== Extracted records ==

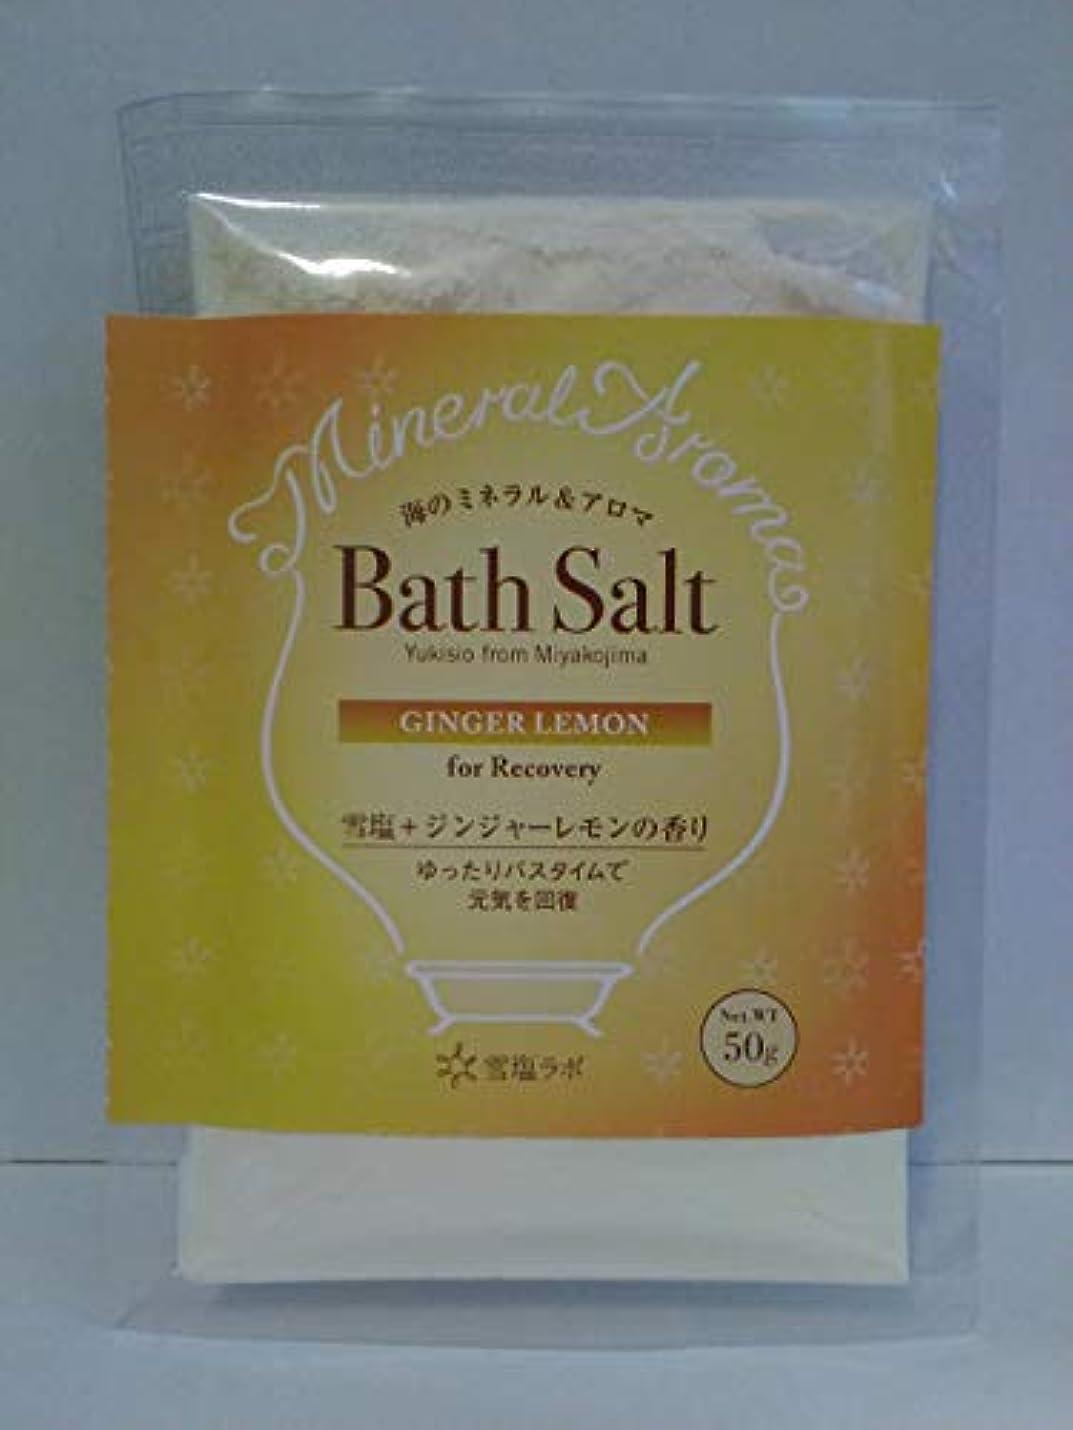 簡単に組開拓者海のミネラル&アロマ Bath Salt 雪塩+ジンジャーレモンの香り
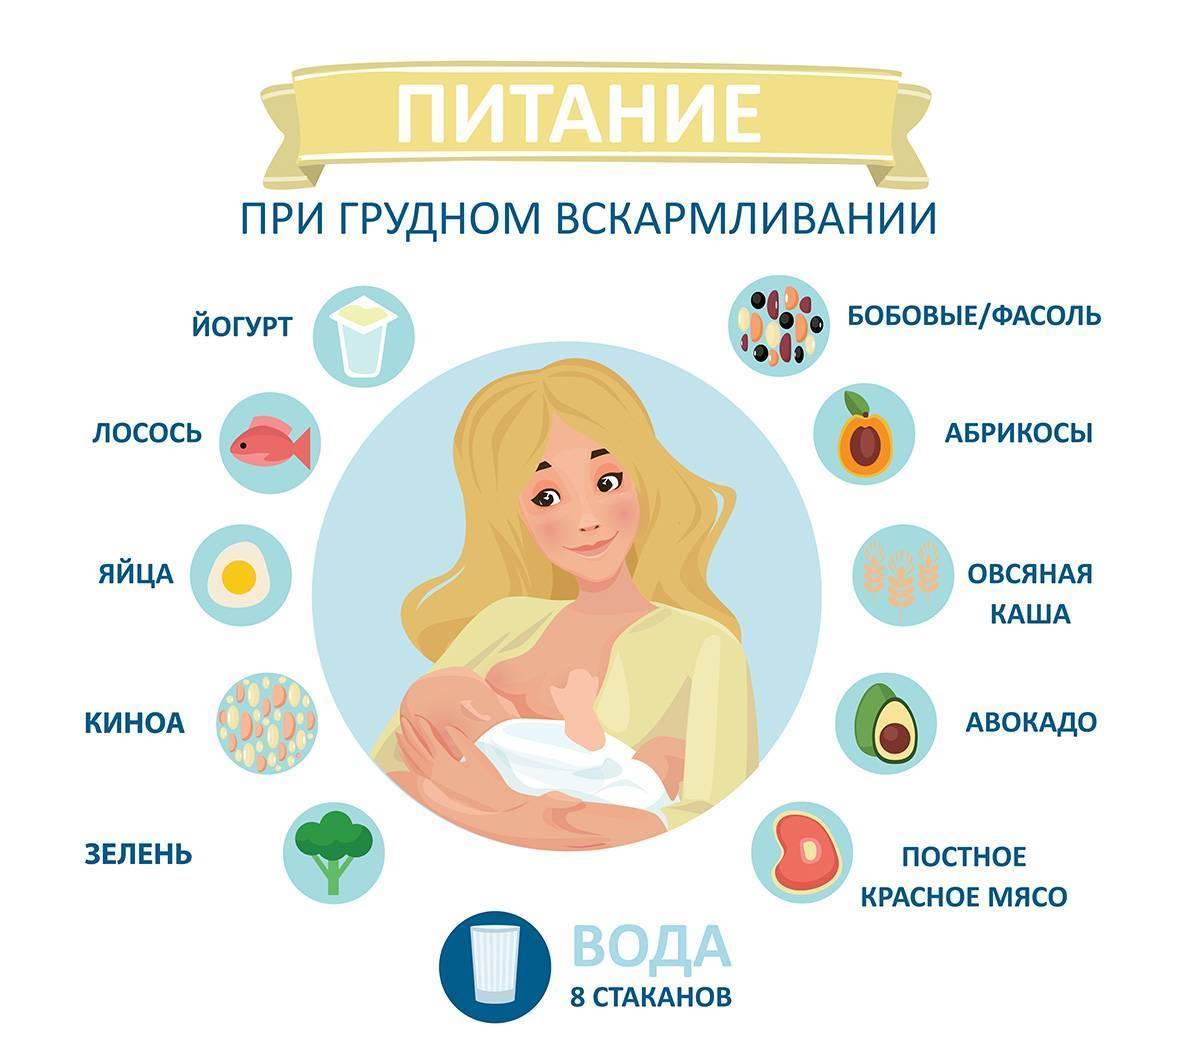 Список разрешенных и запрещенных продуктов при грудном вскармливании
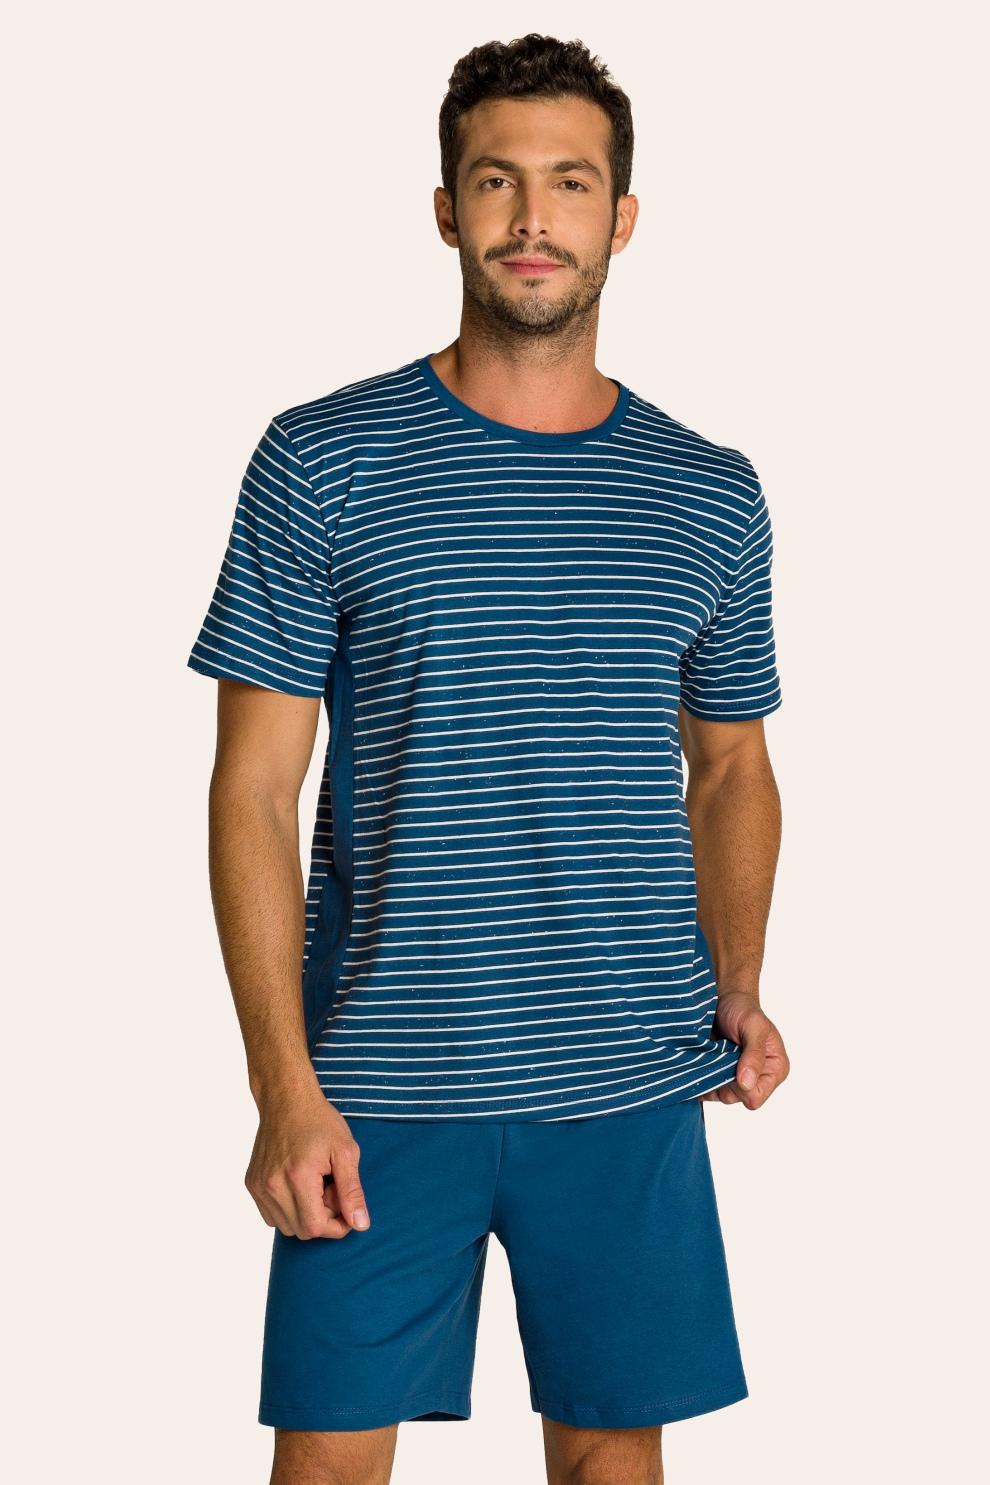 216/E - Pijama Adulto Masculino Listrado com Recorte Lateral
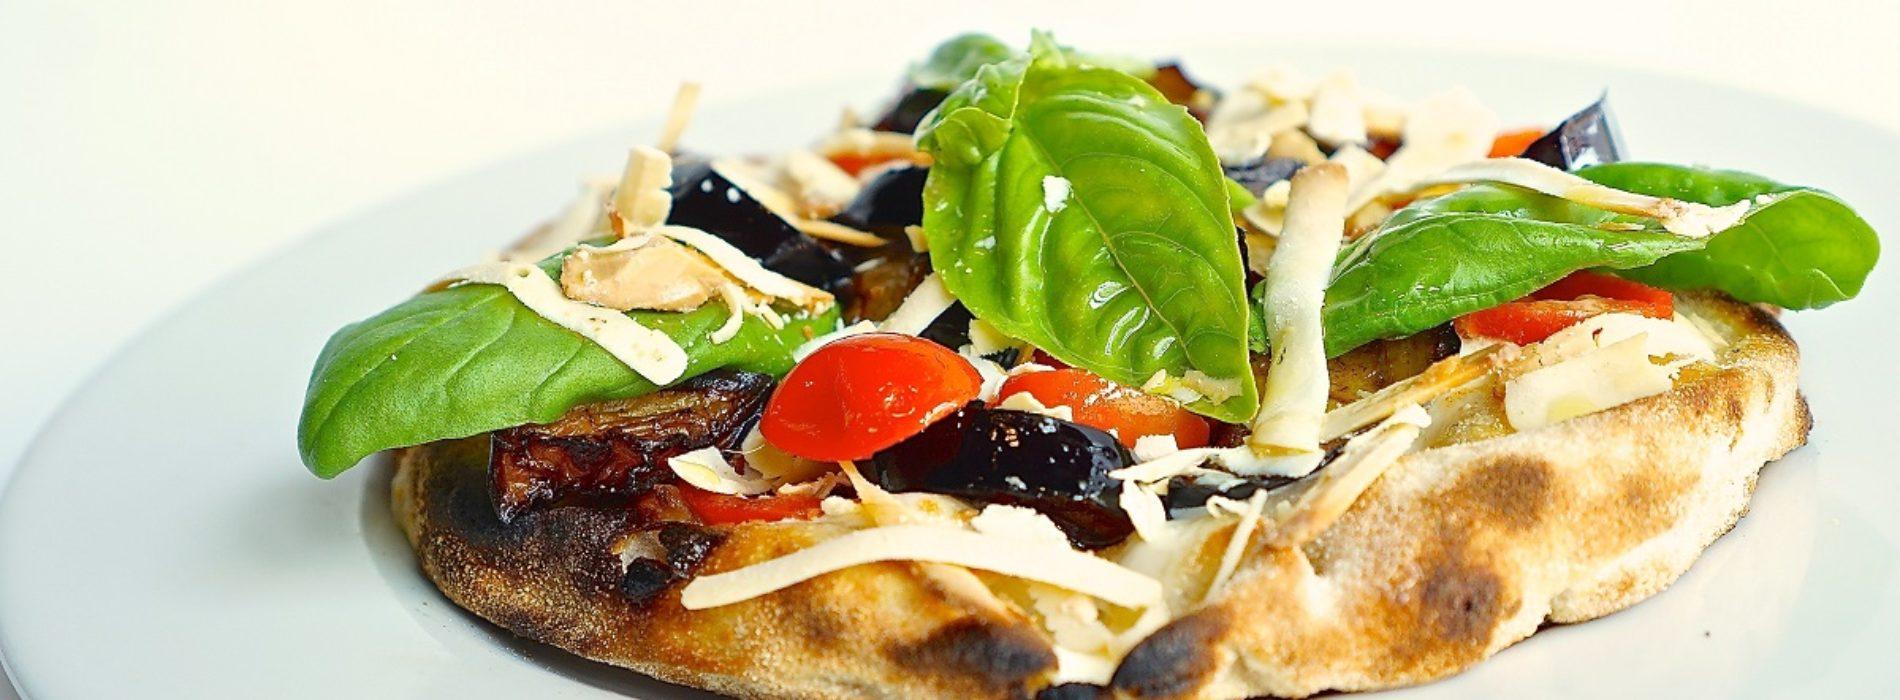 Celestina alla Camilluccia Roma, pizza e cucina come una volta a prezzi popolari
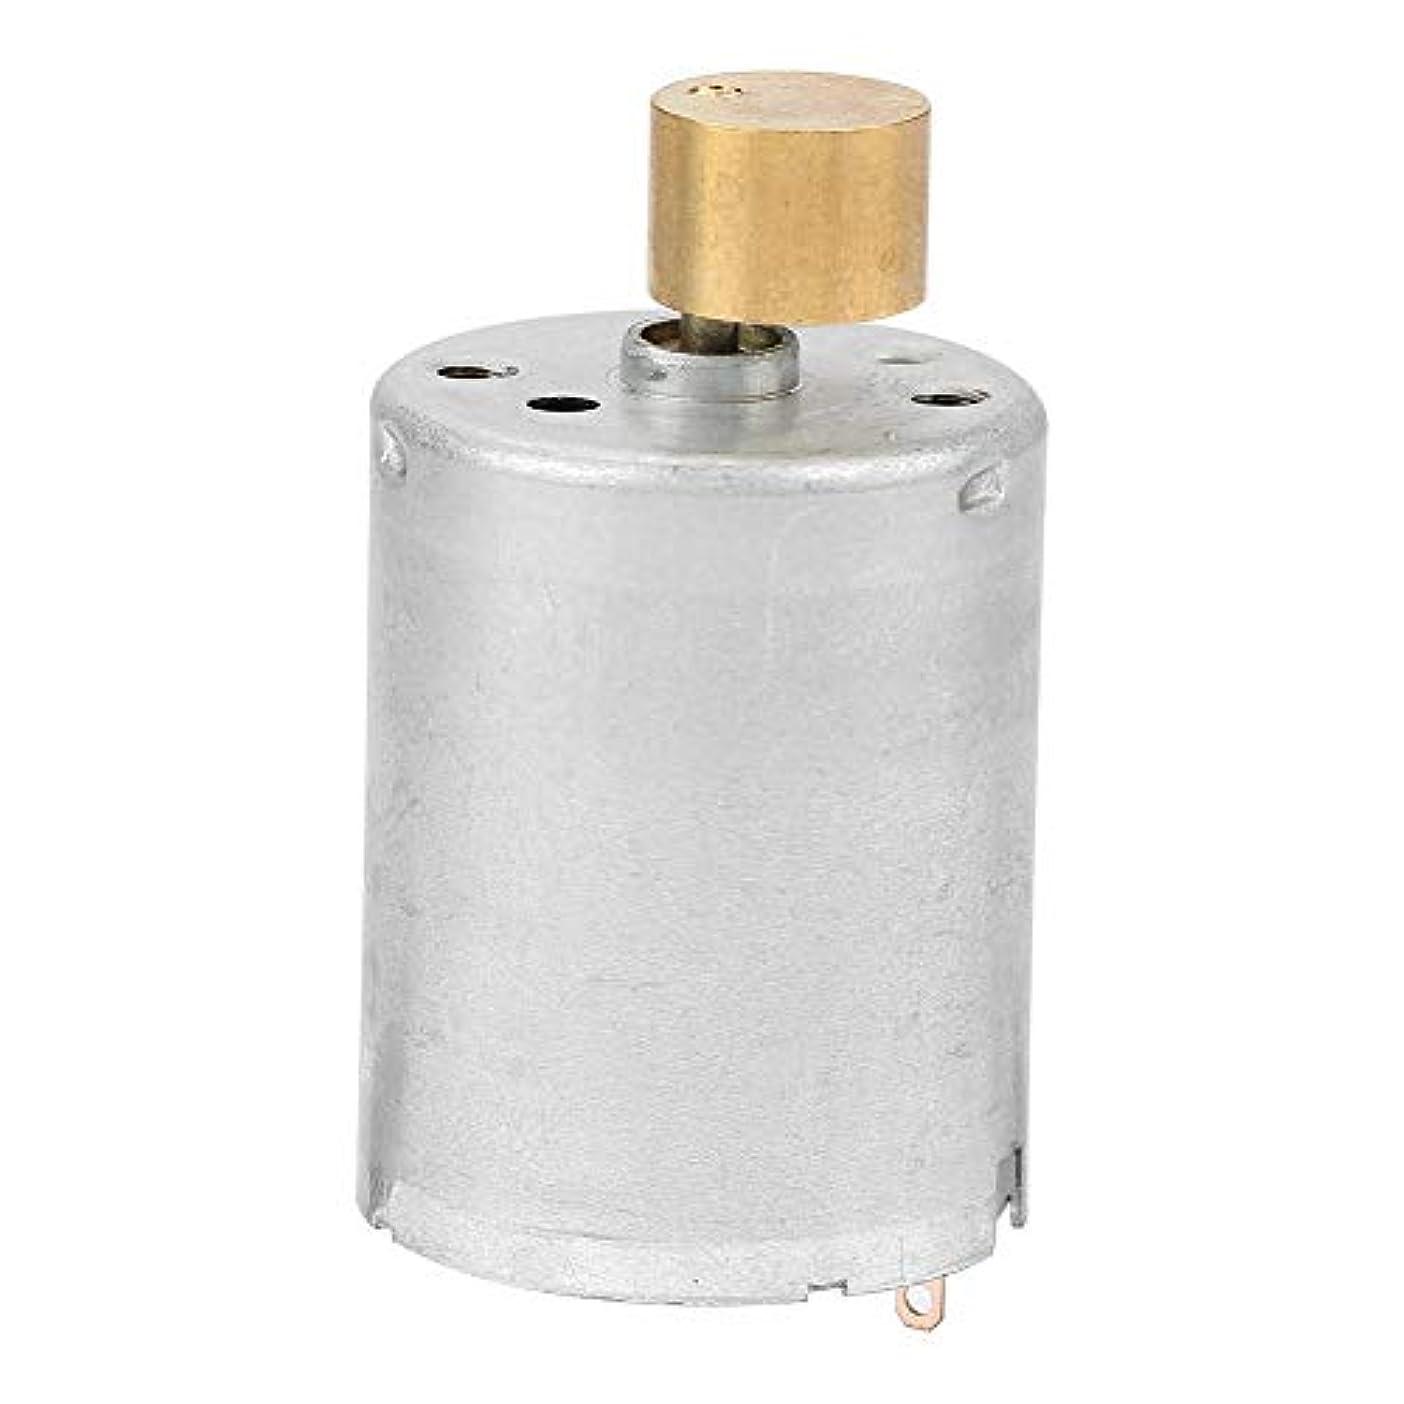 グラディス花婿換気する振動モーター、RF370 DCマッサージ装置用ミニ強力振動振動モーター12V

===

* [Work item]:
Keep the pictures out and write out the records exactly.

* [Answer area]:
 簡単に組開拓者海のミネラル&アロマ Bath Salt 雪塩+ジンジャーレモンの香り
 Список разрешенных и запрещенных продуктов при грудном вскармливании
 216/E - Pijama Adulto Masculino Listrado com Recorte Lateral
 Celestina alla Camilluccia Roma, pizza e cucina come una volta a prezzi popolari
 グラディス花婿換気する振動モーター、RF370 DCマッサージ装置用ミニ強力振動振動モーター12V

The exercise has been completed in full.